Physics for ECS: Havok Physics for Unity and Unity Physics

1. Overview

Different projects have different needs when it comes to simulating physics. Unity has a range of different physics engines that you can choose between to meet the needs of your project. In this tutorial, you’ll learn about two advanced physics solutions available for projects that use Unity’s Entity Component System framework: Havok Physics for Unity and Unity Physics.

By the end of this tutorial, you will be able to do the following:

• Describe the key benefits of Havok Physics for Unity and Unity Physics.

• Explain the relationship between Unity Physics and Havok Physics for Unity.

• Identify situations where physics solutions for ECS are the right fit for a project.

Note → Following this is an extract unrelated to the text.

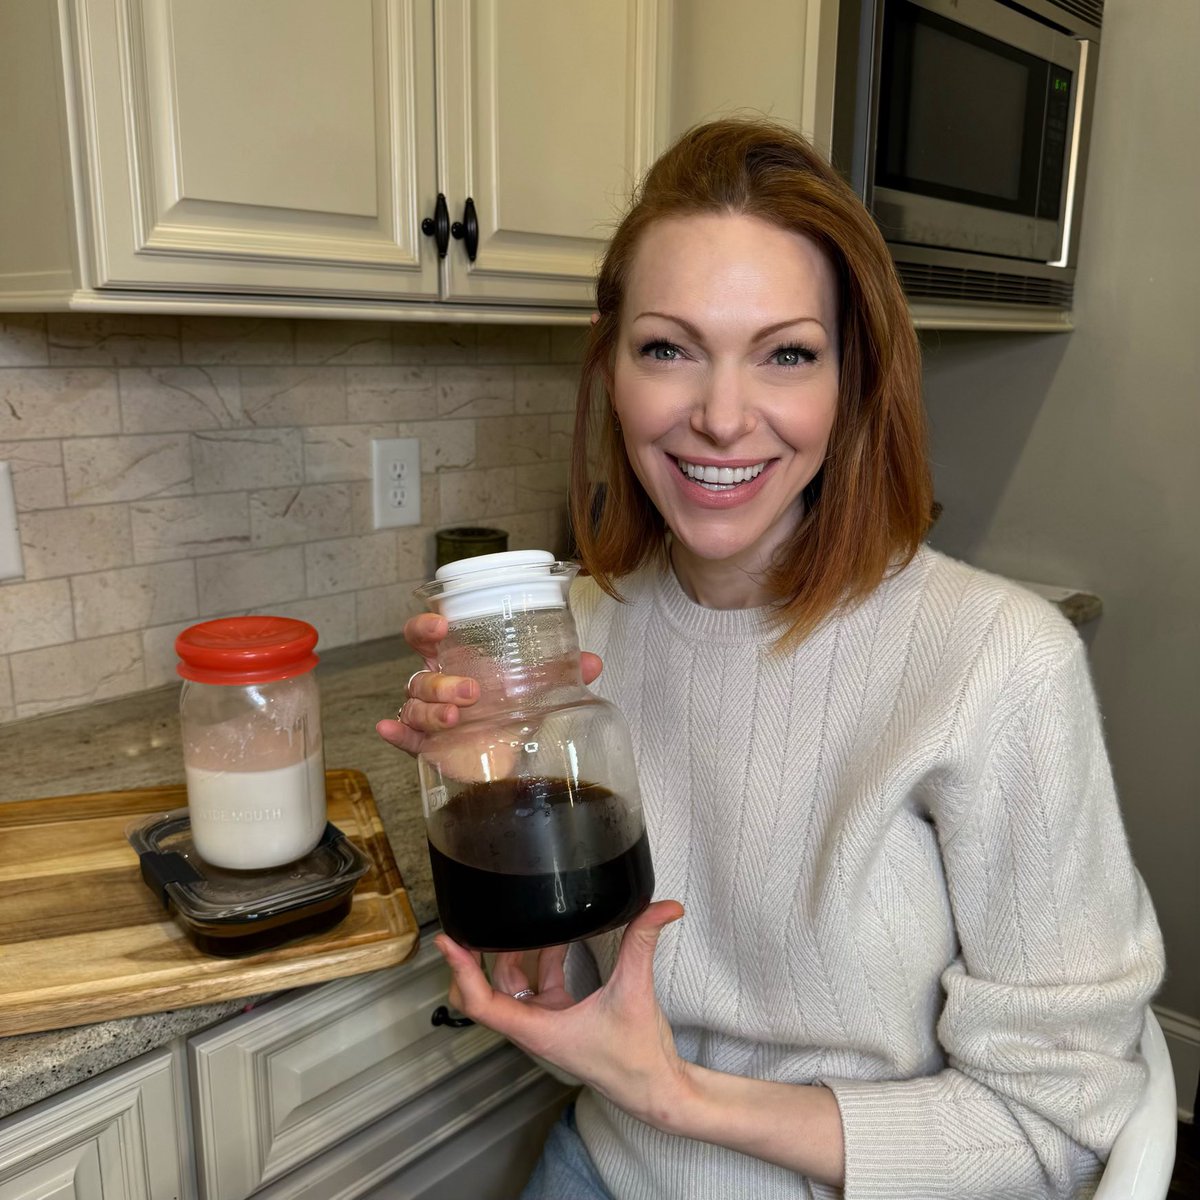 #GetYourPrepOn by making a batch of cold brew at home with @LauraPrepon! Check out her IG reels to see how she does it… #PrepOn

Important: This tutorial is an introduction to physics solutions for ECS in Unity for users with an intermediate level of experience and beyond, as part of DOTS. DOTS is Unity’s Data-Oriented Technology Stack, a suite of data-oriented technologies for advanced users who need to make complex projects with highly optimized performance. If you want to learn more about DOTS itself, we recommend the newly-released DOTS Guide (GitHub).

2. Physics in Unity

Before you learn more about advanced physics solutions in Unity, let’s review some fundamentals.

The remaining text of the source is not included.